<THE FOOLISH FOUR>
Foolish Four Report
by Robert Sheard
LEXINGTON, KY. (June 2, 1998) -- A lot of readers have asked me about whether the Dow High-Yield approaches will ever get too popular to be effective. After all, there are now a number of Unit Investment Trusts set up to track the approach, and Michael O'Higgins's book was a bestseller close to a decade ago.
For a number of reasons, I don't believe popularity will ever do in this approach. We're talking about a core sample from among the largest publicly traded companies, so the combined power of all the Dow High-Yield investors out there is still a pretty small proportion of the trading volume in these Dow behemoths. And given the added factor of different anniversary dates for each investor, the effect on the stocks is diffused even further.
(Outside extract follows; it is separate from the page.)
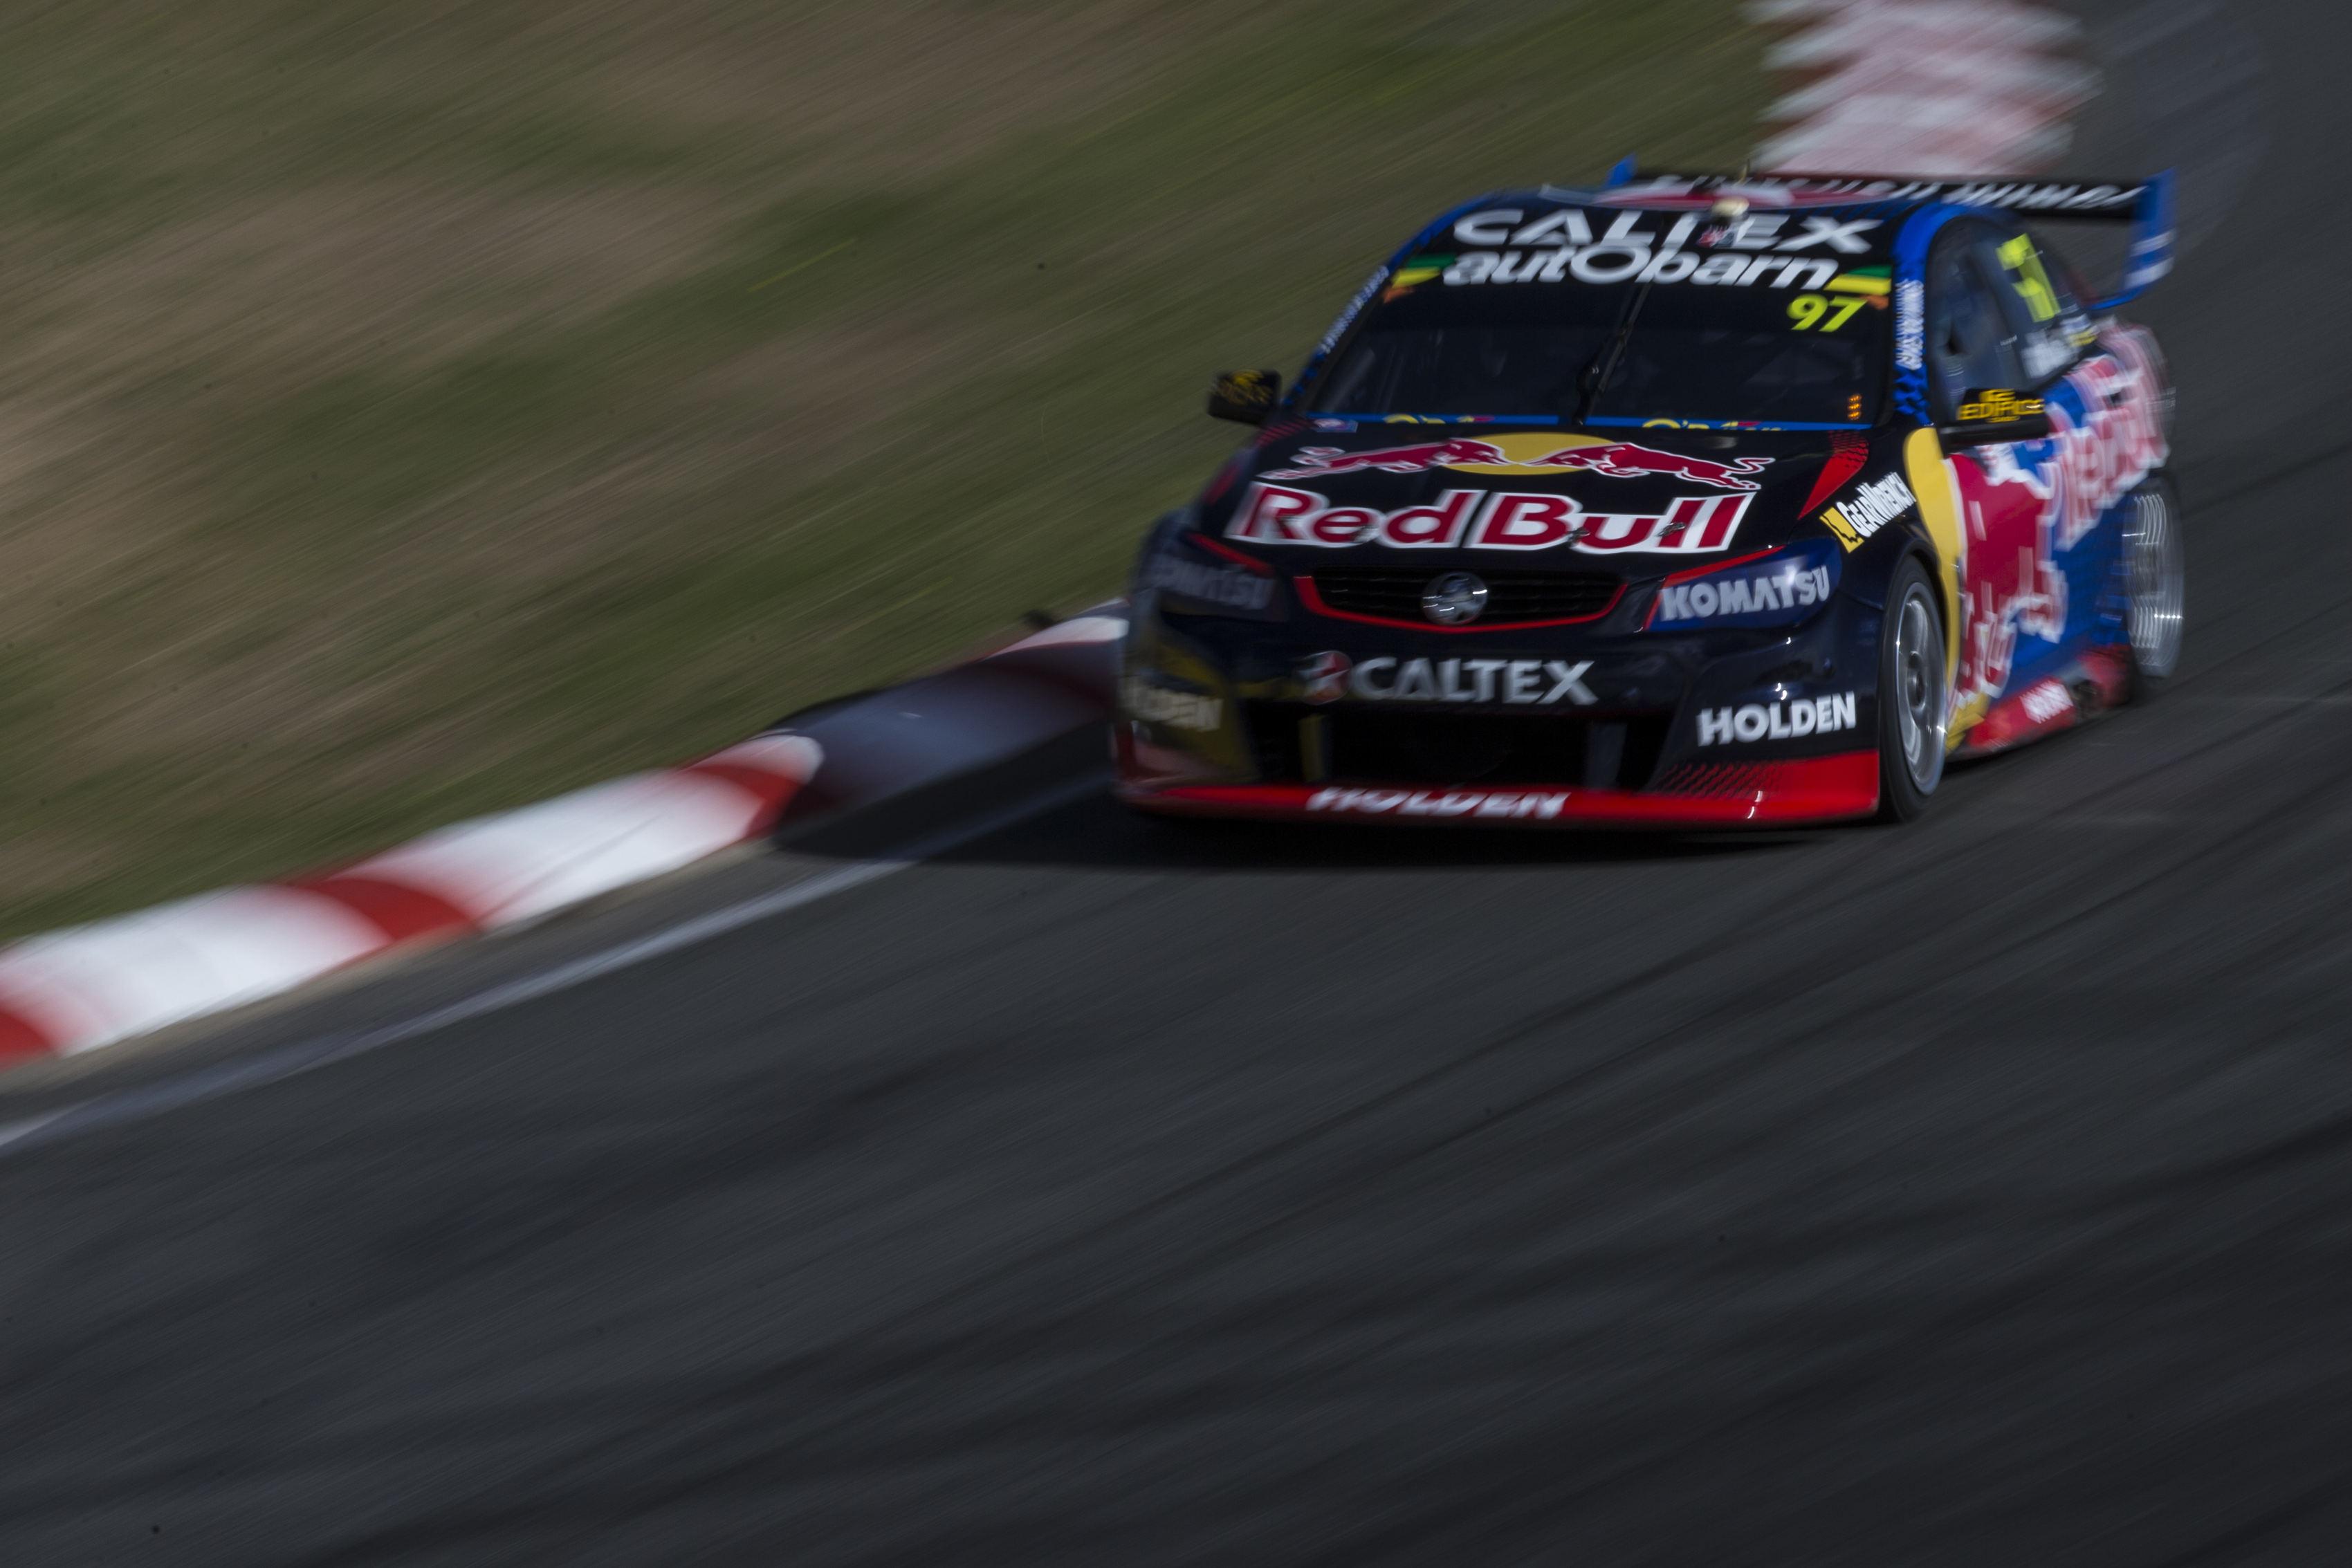 Shane Van Gisbergen of Red Bull Racing Australia during the Tyrepower Tasmania SuperSprint,  at the Symmons Plains Raceway, Launceston, Tasmania, April 02, 2016.
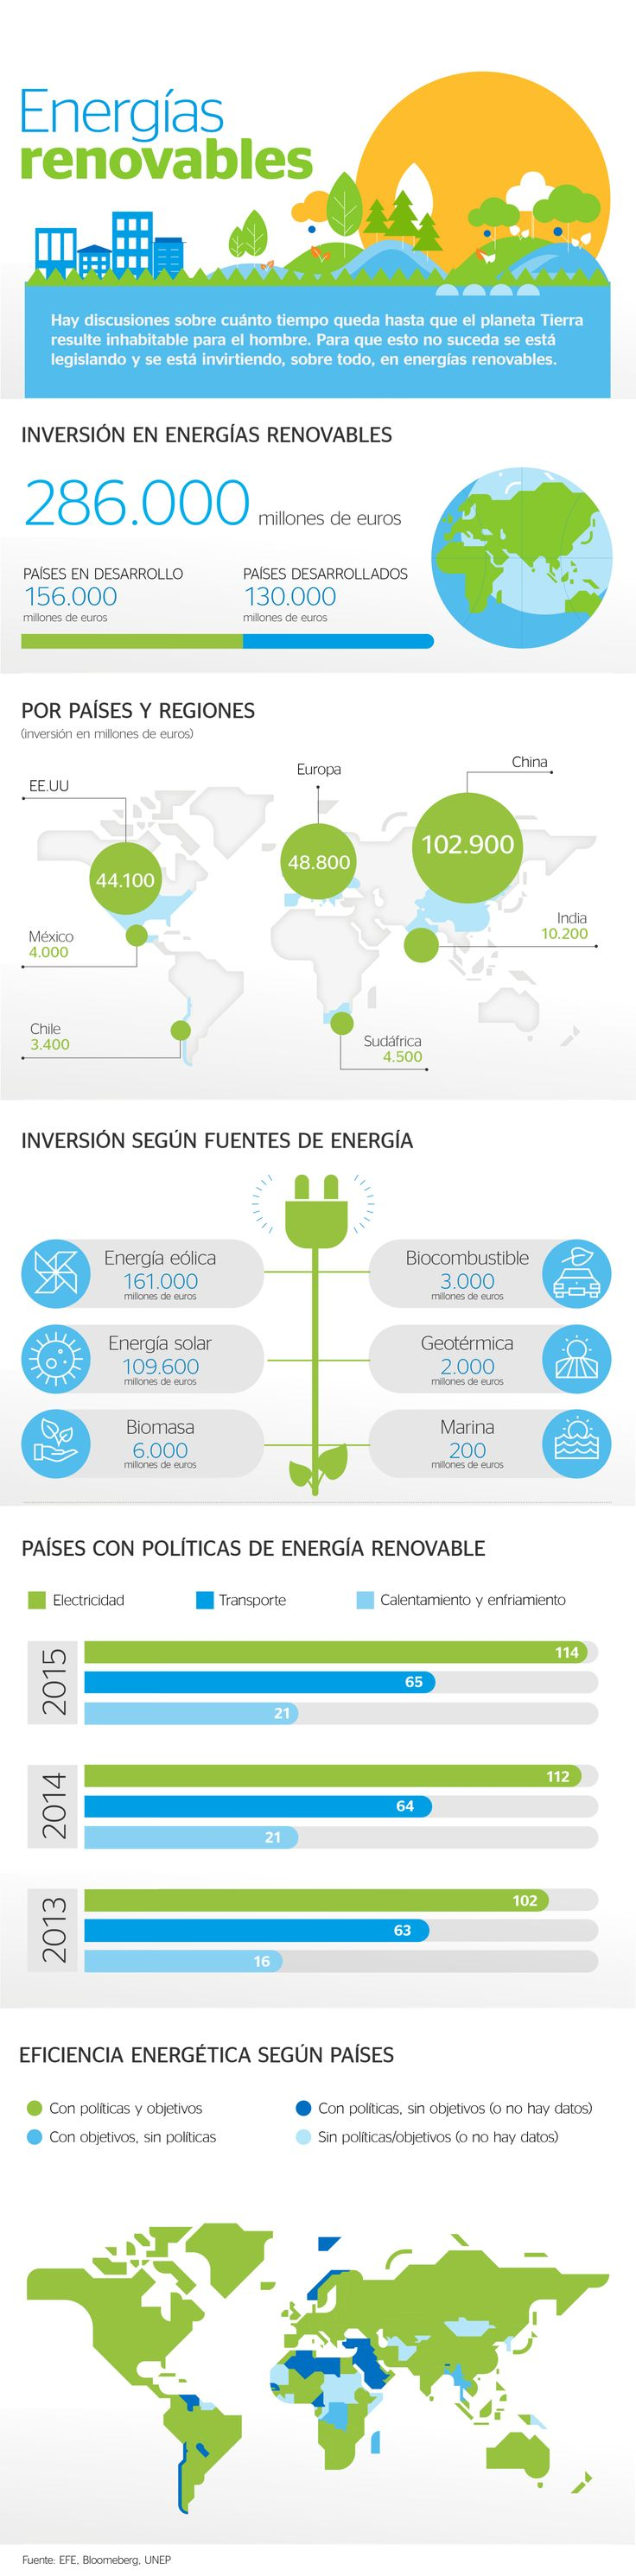 Energías renovables #infografia

Another question we overlook sometimes is just how well-known this approach is. It's been around forever, it seems. Benjamin Graham was even preaching a version of it decades ago. Since we discuss it daily and teach it as a cornerstone of our area, we assume everyone's heard of it. But
Foolish reader Carl Compton attended the Las Vegas MoneyShow and went to a presentation at Bally's by Microsoft's Lewis Levin, called "The Internet and Your Personal Finance." Obviously we're talking about an audience that's interested in investing enough to attend such a program and linked to the internet. And yet, when Mr. Levin discussed the research available online concerning the Dogs of the Dow and asked how many in the audience were familiar with the approach, only one in twenty in the room raised his hand. Maybe it's not quite as universally followed as we tend to believe.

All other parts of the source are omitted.